'Homos, Or Everyone in America' review

Theatre, Drama
4 out of 5 stars
Tyrone Huntley (the Academic) and Harry McEntire (the Writer)
Marc Brenner Tyrone Huntley (the Academic) and Harry McEntire (the Writer)

Jordan Seavey's 'post-gay' relationship drama is brilliantly provocative

It’s odd not being fully seen, isn’t it? ‘Homos, or Everyone in America’ is staged in-the-round, with the audience sat right on the edge of the performance space. Yet no matter how close we might feel to the male gay couple at the centre of this story, the actors refuse to acknowledge our presence. For all the warmth and laughter generated by this brilliantly provocative modern-day romance, an invisible wall remains between ‘us’ and ‘them’.  

The action unfolds in playwright Jordan Seavey’s hometown, Brooklyn, and explores the relationship between a witty but cynical Writer (Harry McEntire) and a ‘woke’ and romantic Academic (Tyrone Huntley). The roles are brilliantly fleshed out, and McEntire and Huntley generate such a natural chemistry they basically glow.  
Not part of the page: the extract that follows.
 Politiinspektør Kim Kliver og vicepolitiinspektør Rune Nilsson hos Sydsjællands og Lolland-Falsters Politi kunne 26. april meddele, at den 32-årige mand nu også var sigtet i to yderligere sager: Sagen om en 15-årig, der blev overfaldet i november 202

The two drink, dance, kiss, and passionately debate absolutely everything, but particularly their own conflicted feelings about identity, race and sexuality in early 2000s New York.  The Academic believes in progress – surely gay marriage is just around the corner – but the Writer isn’t nearly so certain about progress, romance, the future.  
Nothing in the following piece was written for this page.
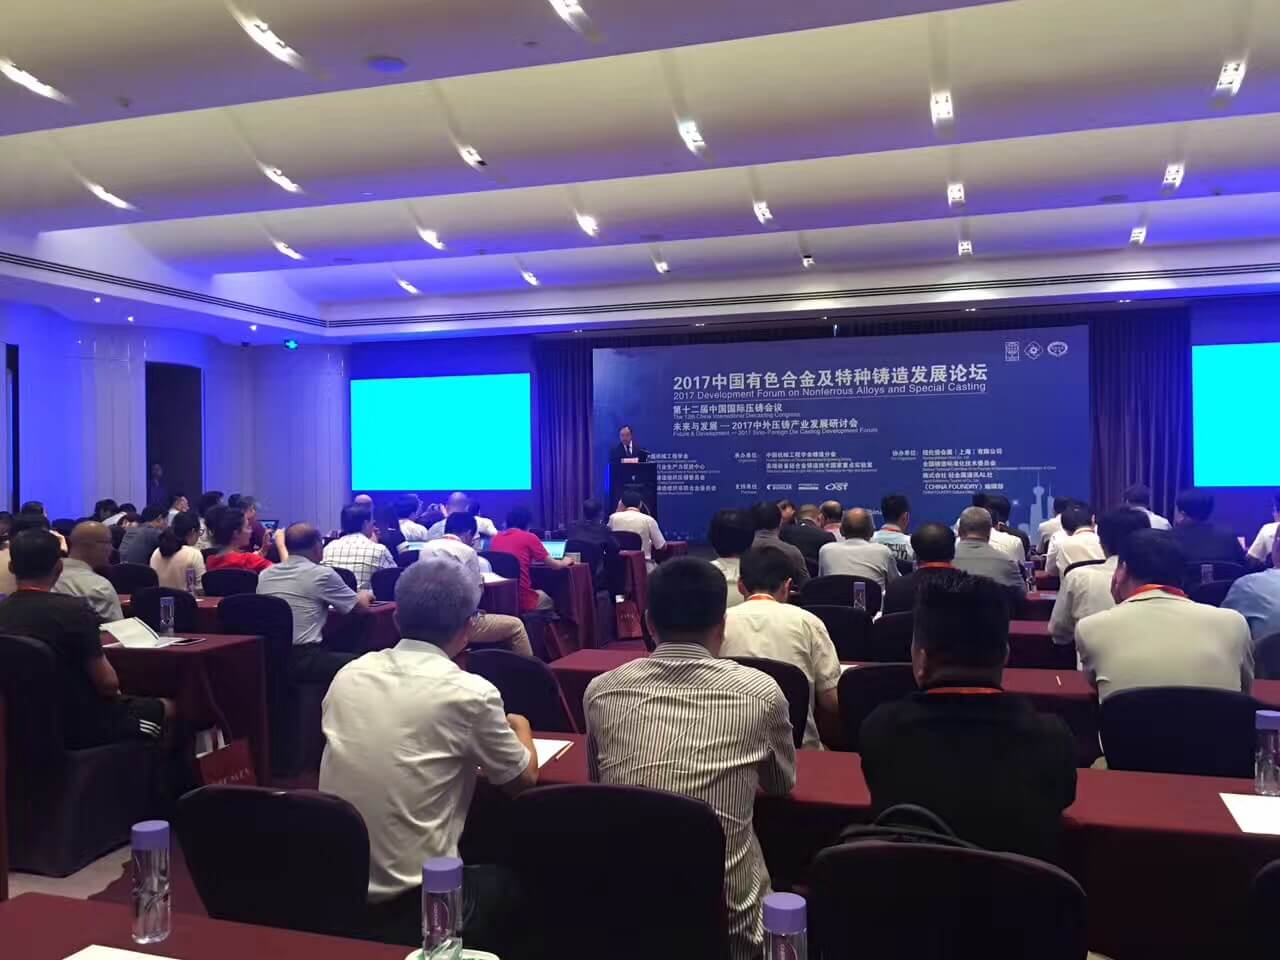 天富平台受邀参加2017中国有色合金及特种铸造论坛

Gradually darkness and doubt rise up through the gaps of Josh Seymour’s forensically choreographed production. Hopeful scenes are abruptly terminated on a note of fear; outpourings of love are juxtaposed with encounters heavy with regret. In between the scenes, the Academic gasps for air, in great pain and unable to find the help or comfort he needs.  

Lee Newby’s set – flooded with sand and dotted with display boxes of sweet-smelling toiletries – begins to turn sour. What once felt like a luxury escape starts to feel like a marooned island. It’s all a little too good to be true: a ‘Post Gay Fantasia’ that remains, for now, just that – a fantasy.